There is a better financial performance on the back of operating performance where PBT improved by 21% for the full year. The improved results is attributable to improved volumes apart from lower feed and fuel prices helping margin improvement. At Dahej complex, the shutdown period impacted the sales volume.

Cash Flow Summary

Particulars

FY 24-25 FY 23-24 Change
Value %
Operating cash flow before working capital changes 748 648 100 15%
Net change in working capital 38 (404) 442 109%
Taxes paid (180) (212) 32 15%
Net cash from operating activities 606 32 574 1,794%
Net cash from / (used in) investing activities (466) 1,235 (1,701) (138%)
Net cash (used in) financing activities (262) (1,281) 1,019 80%

Net (Decrease) in cash & cash equivalent

(122) (14) (108) (771%)

During FY 24-25, Operating cash flows are higher due to subsidy release support from GoI. Further, Outflow for investment activities represents investments in deposit and Capex expenditure whereas outflow of financing activity is mainly payment of dividend.

During FY 23-24, the highest ever dividend payment as well as first ever Share Buyback Program of ~ 461 and ~ 802 crores, respectively, are the main reasons for cash outflow under financing activities whereas the positive investment activities refer to liquidation of cash deposit positions held for meeting the needs of financing activities.

9. Material development in Human Resources/ Industrial Relations front including number of people employed

The companys Human Resource is a highly valued contributor to the success of business of the company. Ensuring well-being of employees on the job and off the job remains top priority of the company with focused attention to provide an inclusive environment for promoting diversity in gender, age and culture and inculcating organizational values and ethics.

The company makes all possible efforts for maintaining work life balance and improving the well-being of its employees through various welfare schemes leading to an atmosphere conducive to sustained growth of the company. The company conducts various In-house training programs on safety awareness, environmental protection, health awareness, awareness on sexual harassment policy, as also, for enhancing employees skill and knowledge.

The companys proactive actions have resulted in harmonious, cordial and healthy industrial relations throughout the year which has helped in sustained growth and enrichment of value for the shareholders.

Rightsizing of the company and continuous enhancement of productivity, learning and skill sets of the employees remains the prime focus of the company.

The total strength of the Human Assets of the Company was 2388 on 31.03.2025.
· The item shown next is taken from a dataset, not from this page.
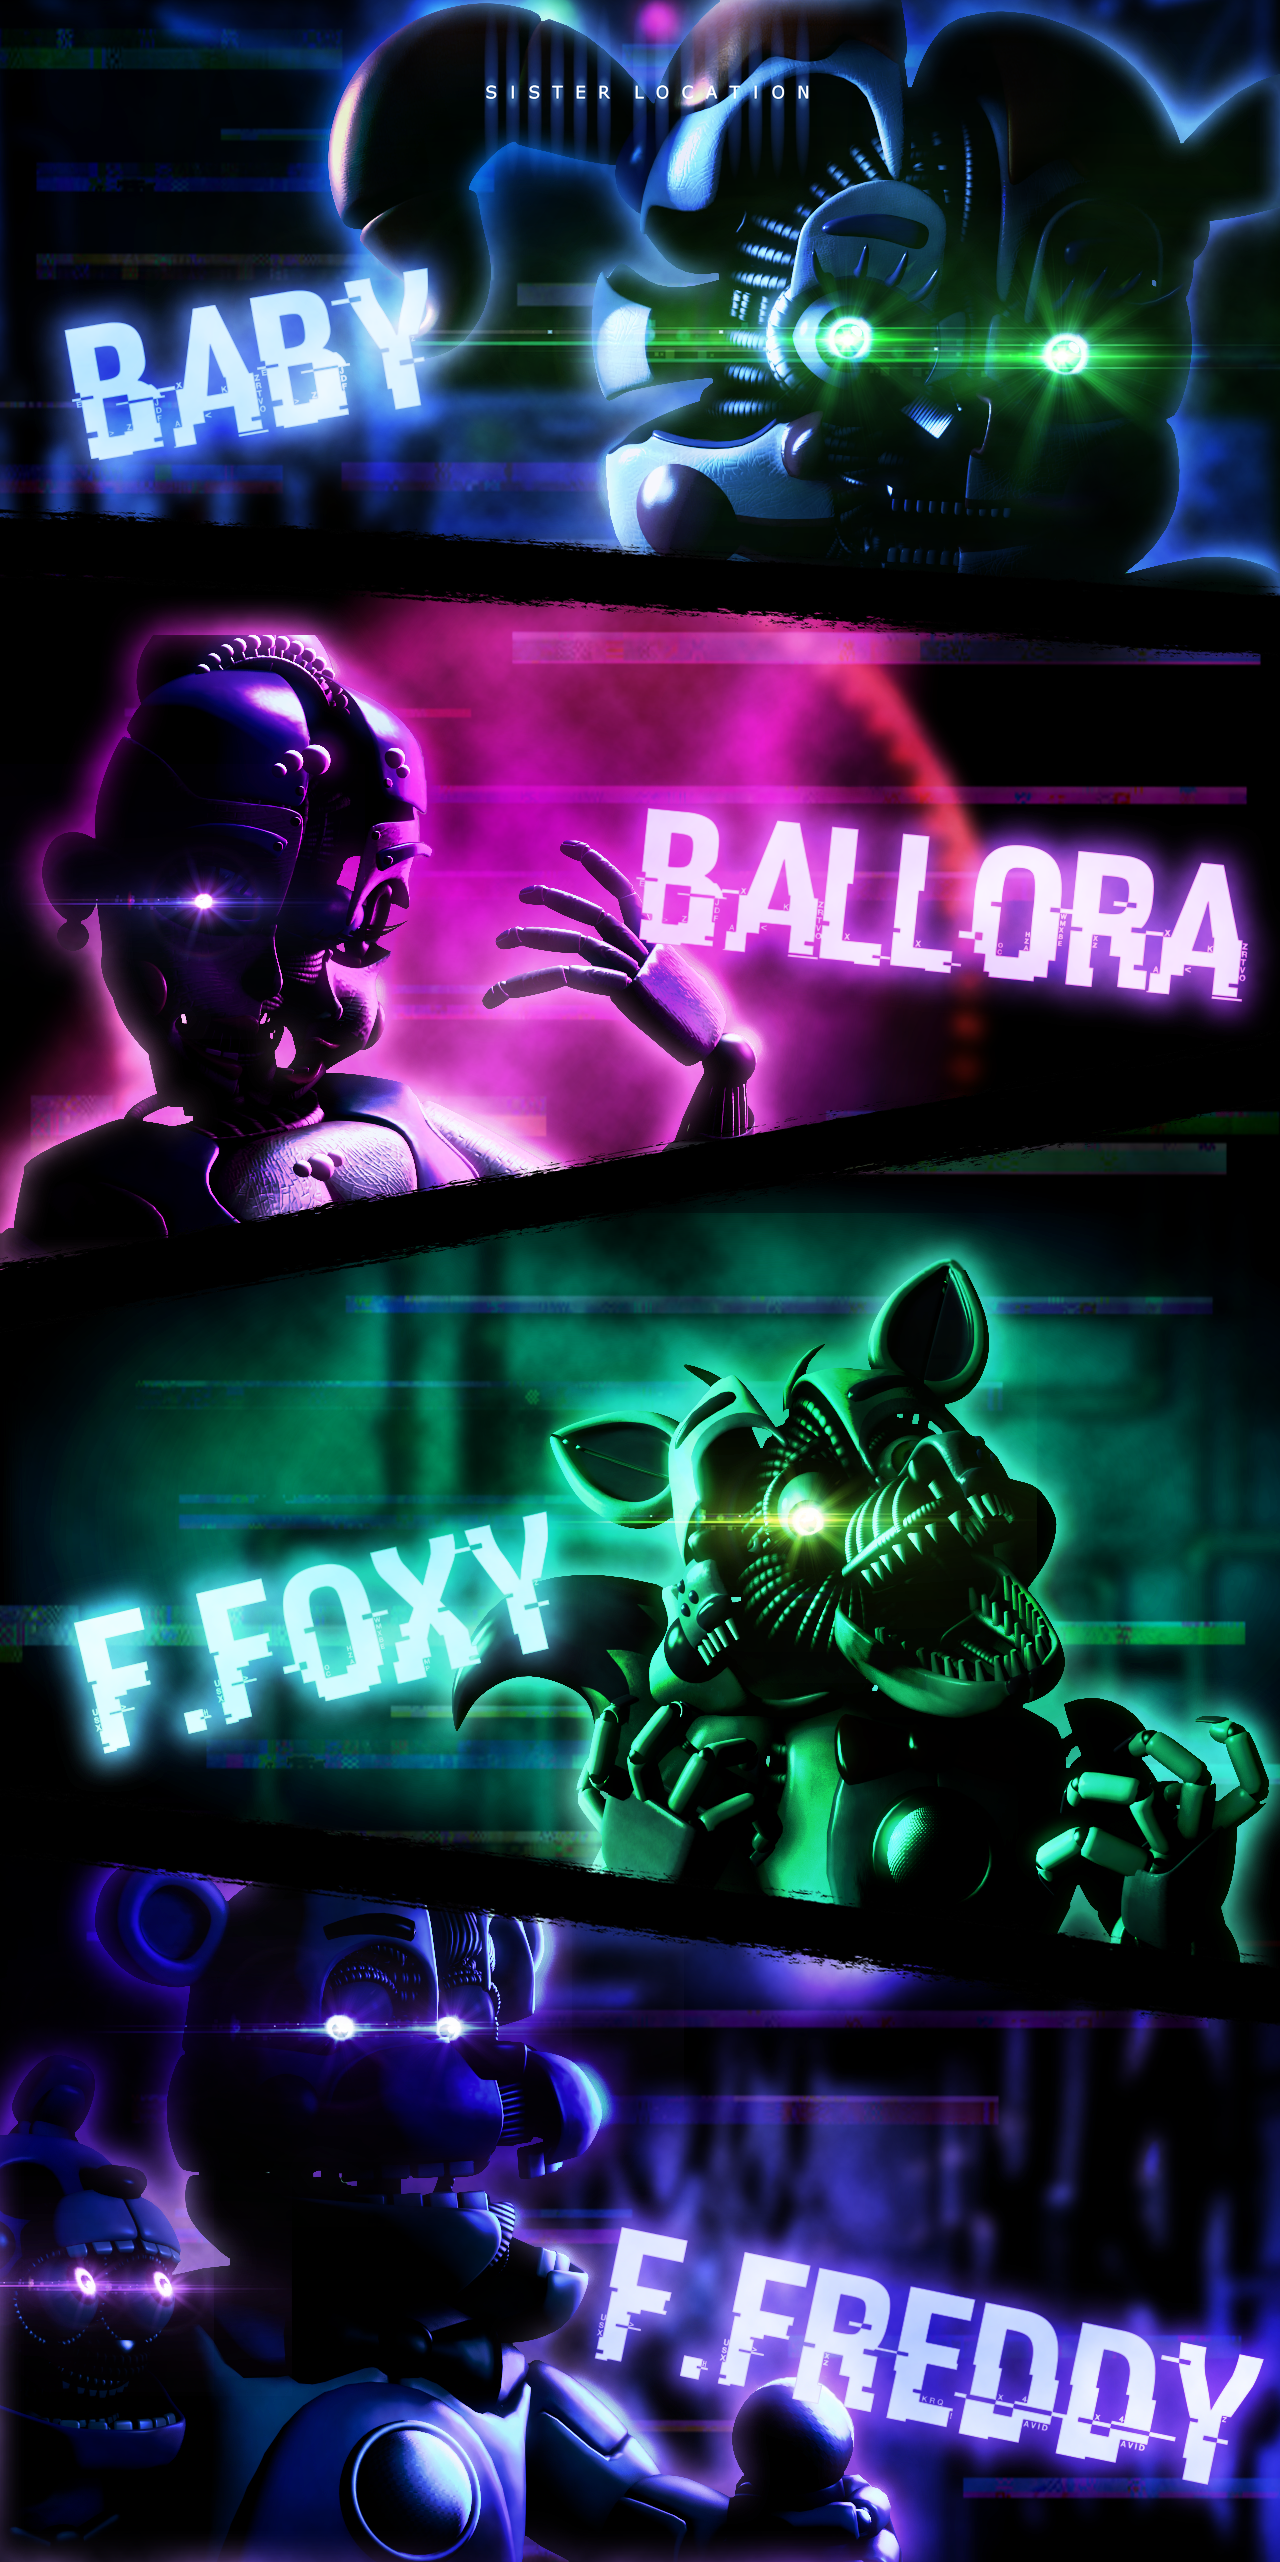 fnaf sister location wallpaper,movie,neon,poster,games,darkness
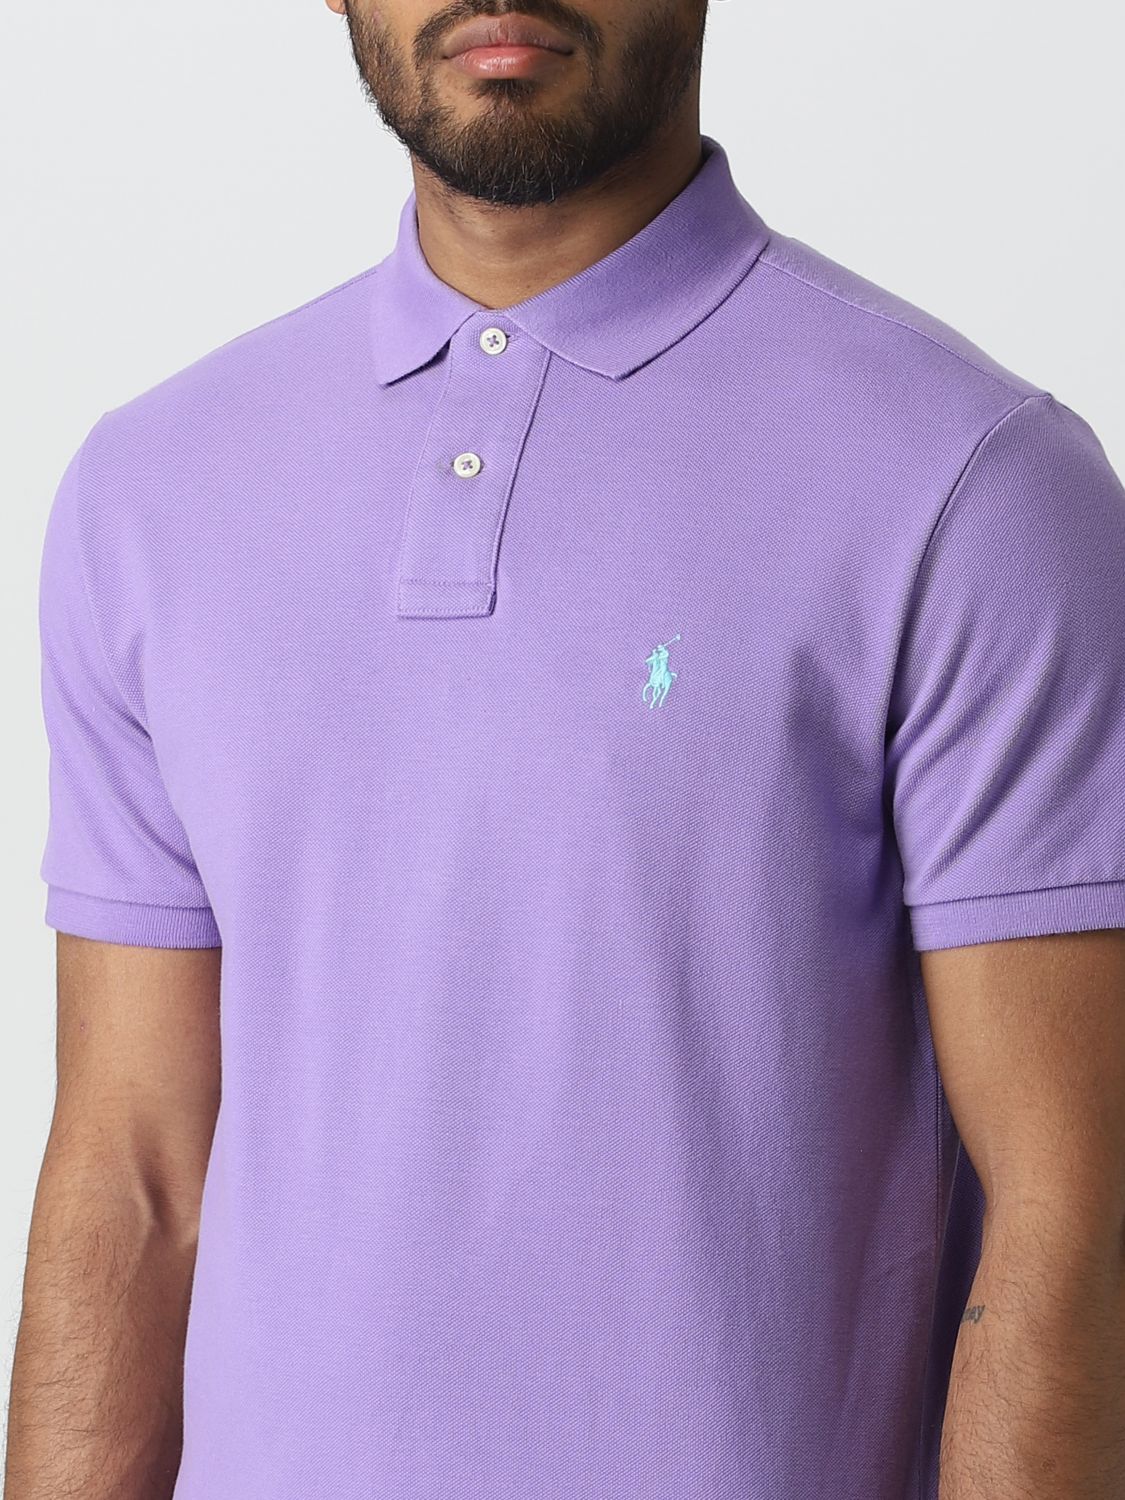 Mooi Fictief ding POLO RALPH LAUREN: polo shirt for man - Violet | Polo Ralph Lauren polo  shirt 710782592 online on GIGLIO.COM

10. Significant changes in key financial ratios along with explanations:

Key Financial Ratios (Standalone) for the Financial Year ended 31.03.2025 are provided here below:

Particulars

Units

FY 24-25 FY 23-24 Change (%) Reason
Debtors turnover Times 15.05 15.96 (6%)
Inventory turnover Times 6.64 7.07 (6%)
Interest coverage Times 26.81 40.09 (33%) a
Current ratio Times 4.67 4.14 13%
Debt equity ratio Times 0.01 - 100% b
Operating profit margin % 10.31 8.37 23%
Net profit margin % 7.42 6.11 21%
Return on net worth % 7.03 5.64 25% c

a. Interest coverage ratio has decreased by 33% mainly due to higher interest expense compared to previous year.

b. Debt equity ratio is increased due to higher short-term borrowings as on 31.03.2025 compared to previous year.

c. Return on net worth increased by 25% due to increase in net profit by Rs. 100 Crores.

11. Cautionary Statement:

The statements in Management Discussion and Analysis describing the companys objectives, expectations or projections, may be forward looking and it is not unlikely that the actual outcome may differ materially from that expressed, influenced by wide variety of factors affecting the business environment and the companys operations. The company assumes no responsibility to publicly amend, modify or revise any forward looking statements, on the basis of any subsequent developments, information or event.